Two vision technicians from the India Truckers Eye Health Programme look at a handheld tablet.

India’s National Truckers Eye Health Programme

Poor eyesight could be putting almost half of India’s truck drivers at risk, but their transient lifestyle, lack of free time and limited income mean having their eyes checked is a challenge. So Sightsavers created a system that takes eye care services directly to them. All the camps are in areas where drivers stop as part of their usual route. Drivers’ details are digitally uploaded using tablets and they are given an ID card featuring a QR code, which they can take to any site along their route and pick up their treatment where they left off.

An eye health worker wearing a mask and visor checks a man's eyes for signs of trachoma.

Global Trachoma Mapping Project

The Global Trachoma Mapping Project (GTMP) launched in December 2012. Partnering with 53 organisations, Sightsavers led a coalition to collect and transmit data on 2.6 million people in 29 countries using smartphones. The project came to an end in early 2016.
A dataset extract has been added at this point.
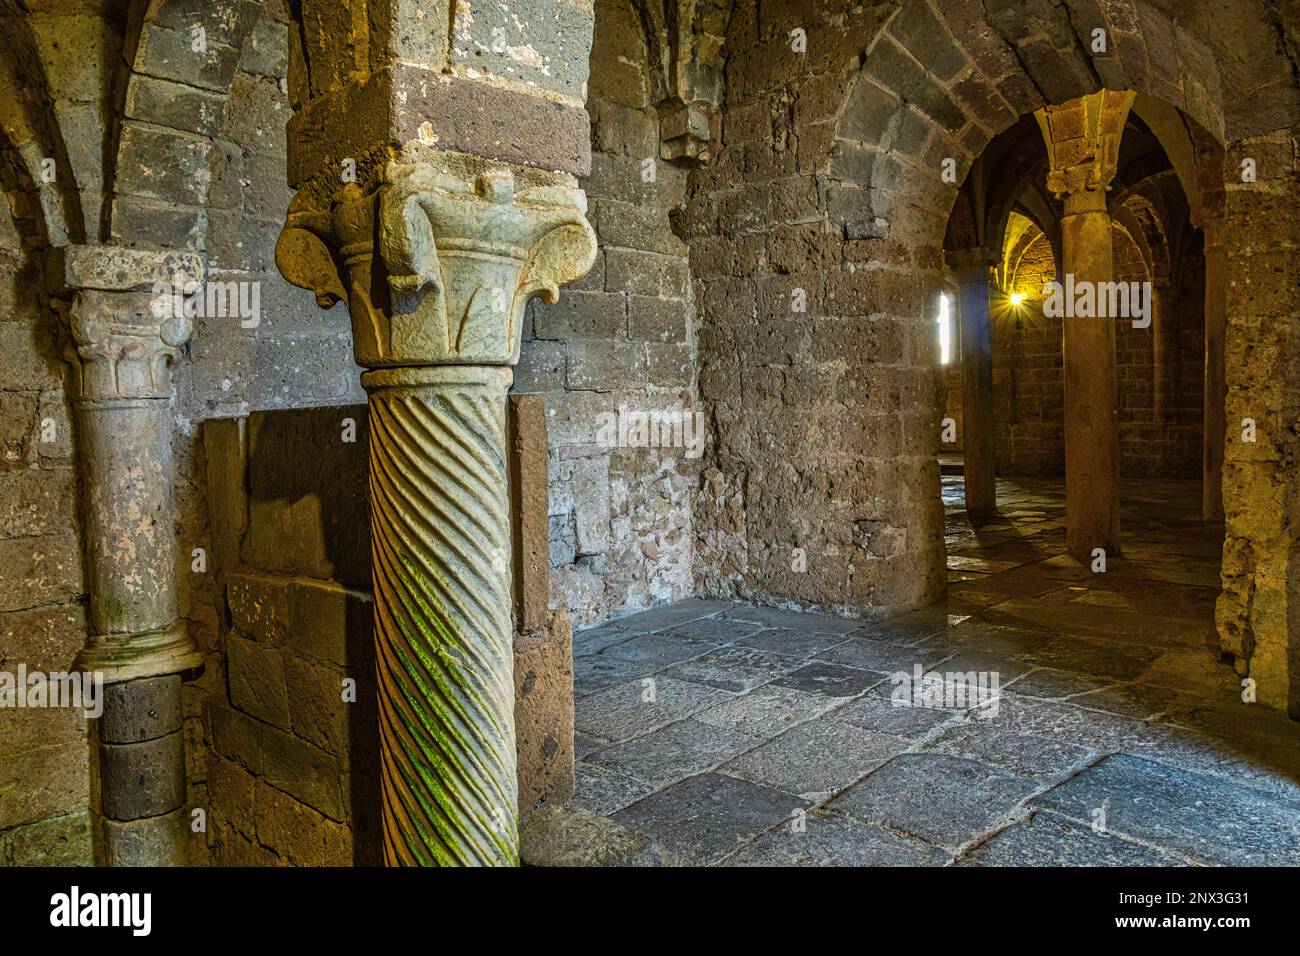 La colonnade qui soutient les voûtes croisées de la crypte de la Basilique de San Pietro en Tuscania. Tuscania, province de Viterbo, Latium, Italie, Europe Banque D'Images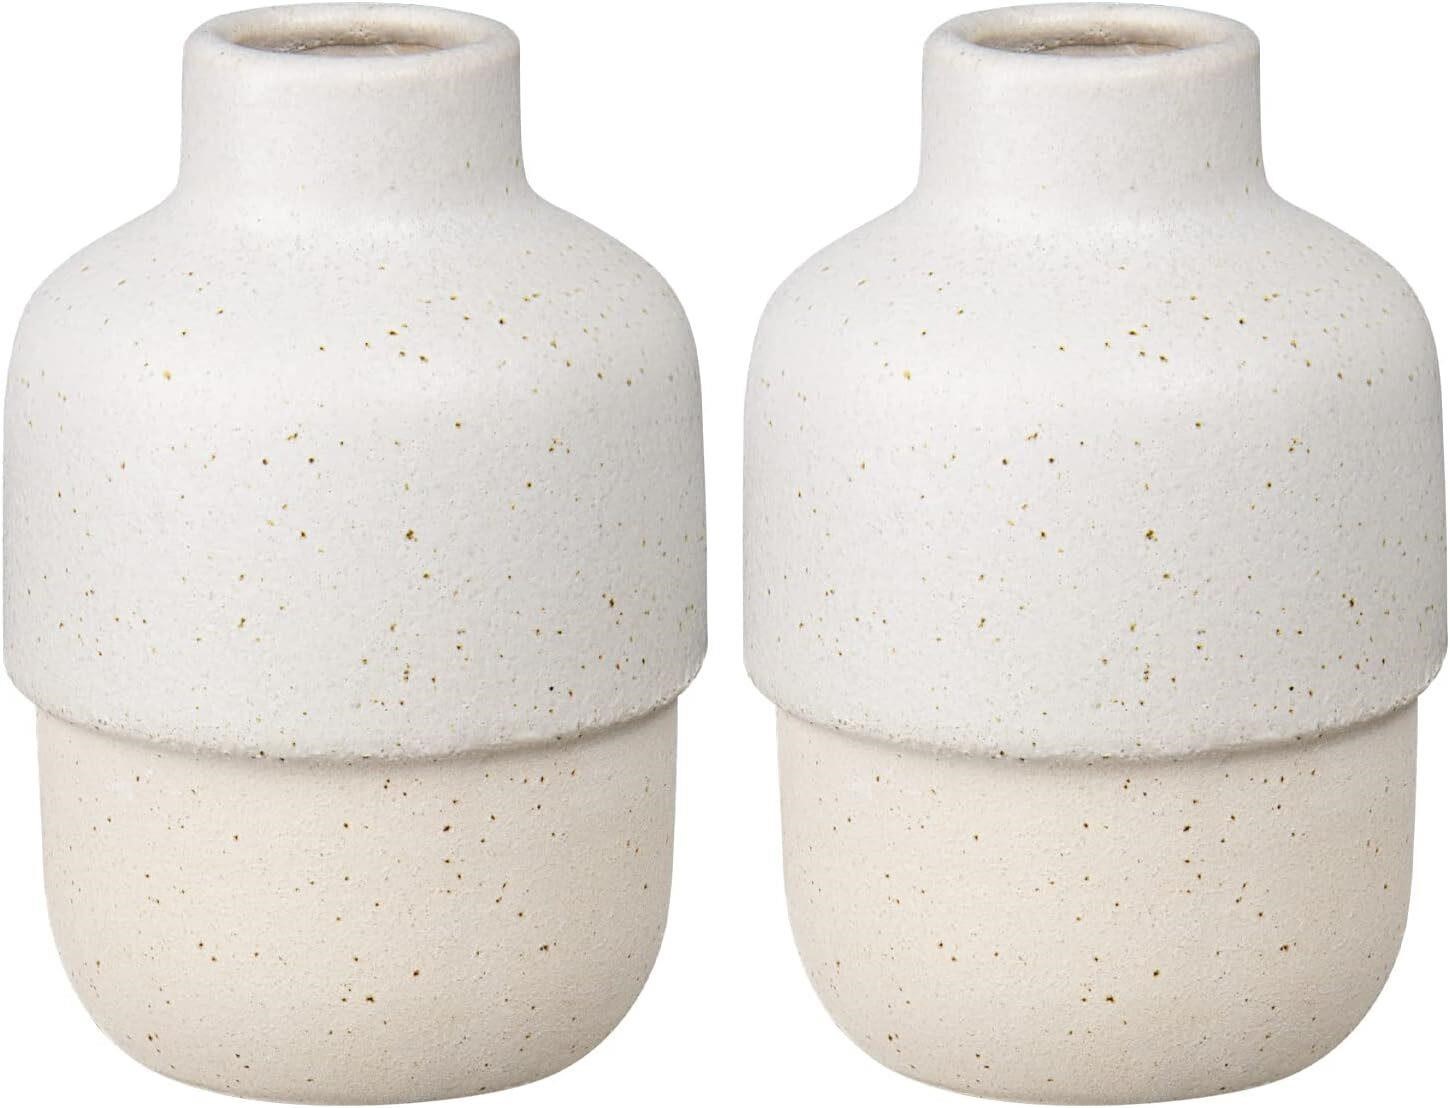 $40  Decorative Vases for Home Decor Modern White

An eye care worker holding a notepad with a phone resting on top.

Tropical Data

Created with partners including the World Health Organization, Tropical Data is a mobile-based data-collection initiative that uses the same approach and technology as the Global Trachoma Mapping Project. Thanks to the two projects, on average one person has been examined for trachoma every 26 seconds since 2012. Tropical Data helps countries carry out surveys as they work towards eliminating trachoma.

A close-up of flies in a test tube.

Onchocerciasis Elimination Mapping (OEM) project

Using the many lessons learned from GTMP and Tropical Data, we piloted standardised digital data collection tools for river blindness in collaboration with partners and ministries of health in Ghana and Nigeria. Following the successful pilots in Ghana and Nigeria, the results were presented to WHO by each country, and the methodology is being scaled up for use in Mozambique.

A girl, wearing a silver armband, reads braille text. Only the girls' hands are shown.

Inclusive eye health

We define inclusive eye health as services that are sustainable, accessible and planned with gender and disability considerations in mind. In 2018 we began collecting patient data for eye health programmes in Mozambique, Pakistan and Bangladesh using mobile devices. Each patient surveyed will have an eye health assessment, and their disability status determined using the Washington Group short set of questions. This will be used as comparative data to measure the success of the project.

A school student washes her hands using water from a large barrel.

Using WASH data to combat NTDs

Good water, sanitation and hygiene are key to preventing the spread of certain NTDs. This is why joined-up working between NTD programmes and the WASH sector is crucial. Sightsavers is supporting a number of countries to merge WASH data with other information about NTDs. Data from both areas is then analysed together, turning the information into knowledge that will lead to more effective NTD and WASH programmes, and greater collaboration between key players.

A close-up of a man holding some paperwork.

Strengthening NTD data systems

It is vital to have accurate, timely data that can be accessed by everyone involved in NTD work. Sightsavers is working to improve in-country data warehouses to aggregate programmatic data. A key part of this work is training people how to manage, access and use data to inform programmatic decision-making, ensuring that NTD programmes become as effective as possible.

A landscape in rural Cameroon, showing a dirt road surrounded by tall grass with mountains in the background.

GIS and mapping

Geographic information systems (GIS) capture, analyse and present all types of geographical data. Sightsavers is now using GIS in many targeted programmes, including guiding field teams to reach hard-to-find settlements for treatment, mapping barriers faced by young people with disabilities, and predictive modelling to help ministries know the locations at most risk of non-inclusive programming.